Our Thursday lunchtime talks cover diverse aspects of the natural world in Australia and around the globe.
The talks are aimed at a well-informed general audience and everyone is welcome.
Please email Doug Laing with any questions about our Thursday talks.
5 March | Biodiversity Science in the Future. Creating Order in the Acronym Soup of Organisations
Dr Peter Schalk
Peter is Deputy Director, Naturalis Biodiversity Center, The Netherlands and the Executive Secretary of Species 2000. He will discuss the Catalogue of Life, the world’s most comprehensive and authoritative index of known animals, plants, fungi and micro-organisms, created in 2001 as a partnership between the global Species 2000 and the American Integrated Taxonomic Information System. This global index of species names and synonyms, now counting 1.9 million valid species, will further science and promote sensible measures in the context of climate change and biodiversity loss.
12 March | Simpson Desert Revisited – More Than Plants!
Dr Rosemary Purdie
In July 2019 Rosemary, a plant ecologist, spent two weeks botanising on a camel-supported walk in Munga-Thirri National Park in the eastern Simpson Desert. She will talk about the landforms and associated plants and animals seen during the dry conditions, cultural artefacts in the area traversed, and what happens when you “just add water”.
19 March | Connecting Indigenous and Scientific Plant Names
Dr Linda Broadhurst
Linda, Director of the Australian National Herbarium, will discuss a proposal to co-develop processes and practices with Indigenous communities to connect Indigenous and scientific plant names to improve the conservation and management of our Australian flora. The current approach to naming plants does not recognise Indigenous plant names and concepts, and fails to acknowledge the deep understanding of our biodiversity held by Indigenous Australians.
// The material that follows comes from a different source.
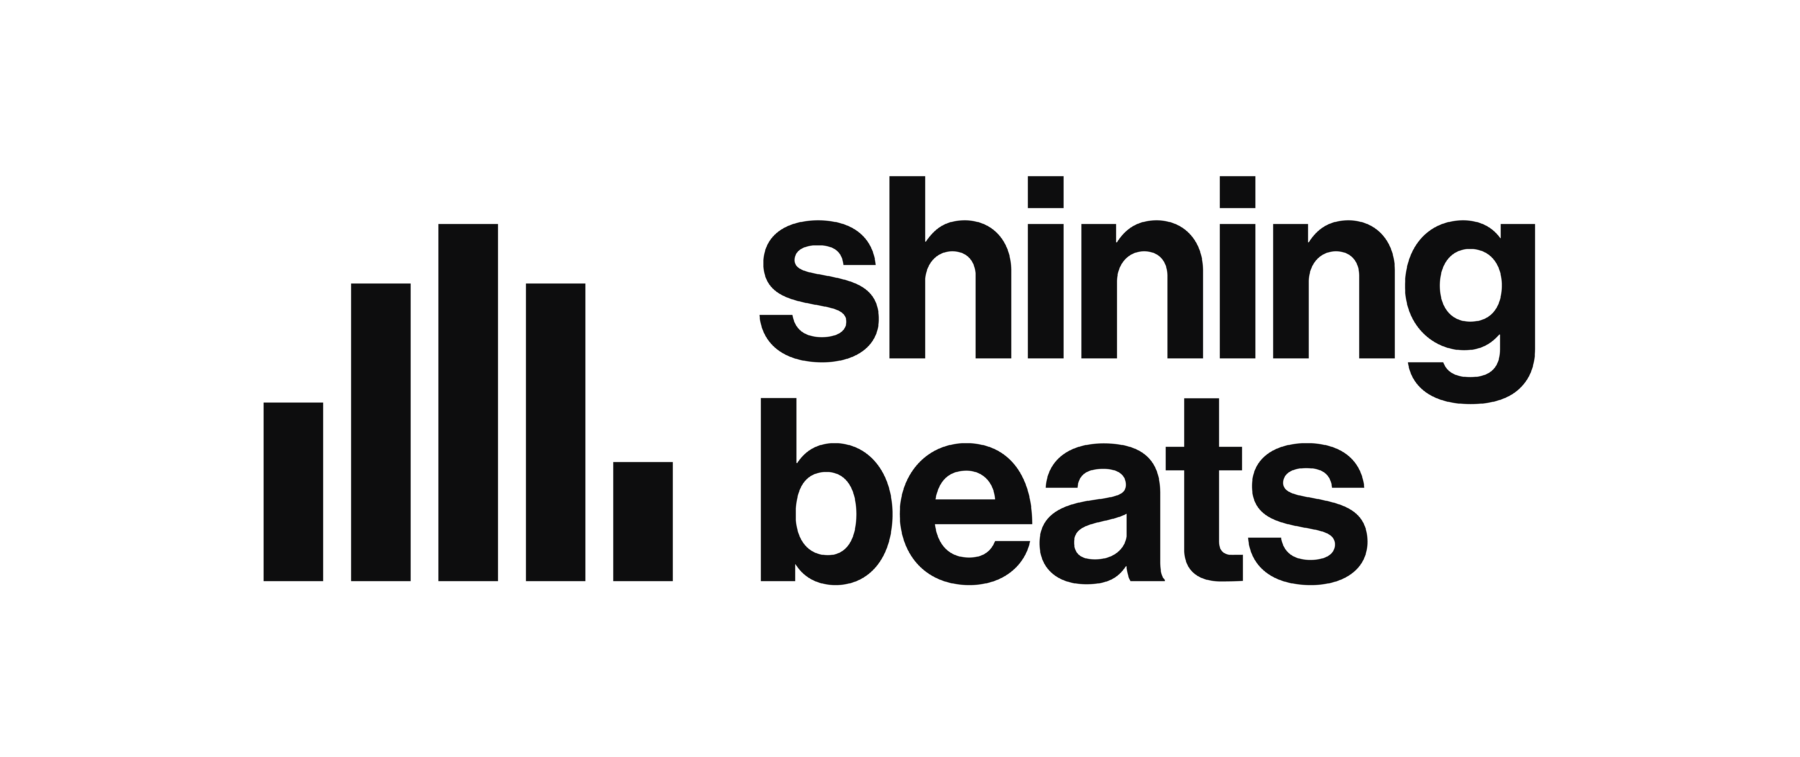 Shining Beats Poster Logo Black

26 March | The History of the Potato and its Viruses
Professor Adrian Gibbs
Adrian is a virologist. Potatoes were part of the trans-Atlantic ‘Columbian Exchange’ of the 16-17th centuries. The details of the origin of the European potato have provided lively debates, however ‘molecular palaeontology’ is now sorting out possibilities, not only for the potato, but also its pathogens, especially potato virus Y. Adrian will discuss the latest findings.
2 April | Latitudinal Gradients in Seed Predation, Seed Defence and Seed Dispersal
Dr Si-Chong Chen
Si-Chong is an ecologist working on the macroecological patterns in seed ecology at the Millennium Seed Bank, Royal Botanic Gardens, Key, United Kingdom. Dr Chen’s research tests the hypothesis that seed predation and seed defence are more intense at lower latitudes, finding that both pre-dispersal seed defences and predation are more significant in more tropical climates at higher latitudes than previously expected.
9 April | The Decline of the Entomofauna and its Drivers
Dr Francisco Sanchez-Bayo
Francisco, from the Department of Environment and Energy, Canberra, works on the environmental impact and risk of chemical contaminant and ecology. He will discuss the serious and dramatic rates of decline worldwide in the biodiversity of insects. The main drivers are: habitat loss; pollution; biological factors; and climate change.
16 April | Planting Democracy: Plantings, Places and People in the Parliamentary Triangle
Dr Anna Howe
Anna, an urban geographer, has discovered on her many walks around the Parliamentary Triangle, how those who created this landscape have expressed our democracy and changing national identity. Now facing increasing and diverse demands, how will this centre of the nation continue to evolve?
23 April | The 3 R’s: Riccia, Riella and Research
Dr Chris Cargill
Chris, Curator of the Cryptogam Collections at the Australian National Herbarium, will talk about her latest research on the fascinating and beautiful thalloid liverwort Riccia. Chris will also discuss her collaborative projects with colleagues from Victoria to Valencia on the enigmatic, aquatic liverwort Riella and the halophytic Monocarpus sphaerocarpus.
30 April | The New Banksia Garden at the Gardens
David Taylor and Kevin Collins
David Taylor, Curator of Living Collections, ANBG, and Kevin Collins, Banksia specialist from Western Australia, will talk about the new Banksia Garden at the ANBG. They will take you through some of the challenges, thinking, planning and collaboration that has gone into bringing this garden to reality and why all the efforts are worthwhile.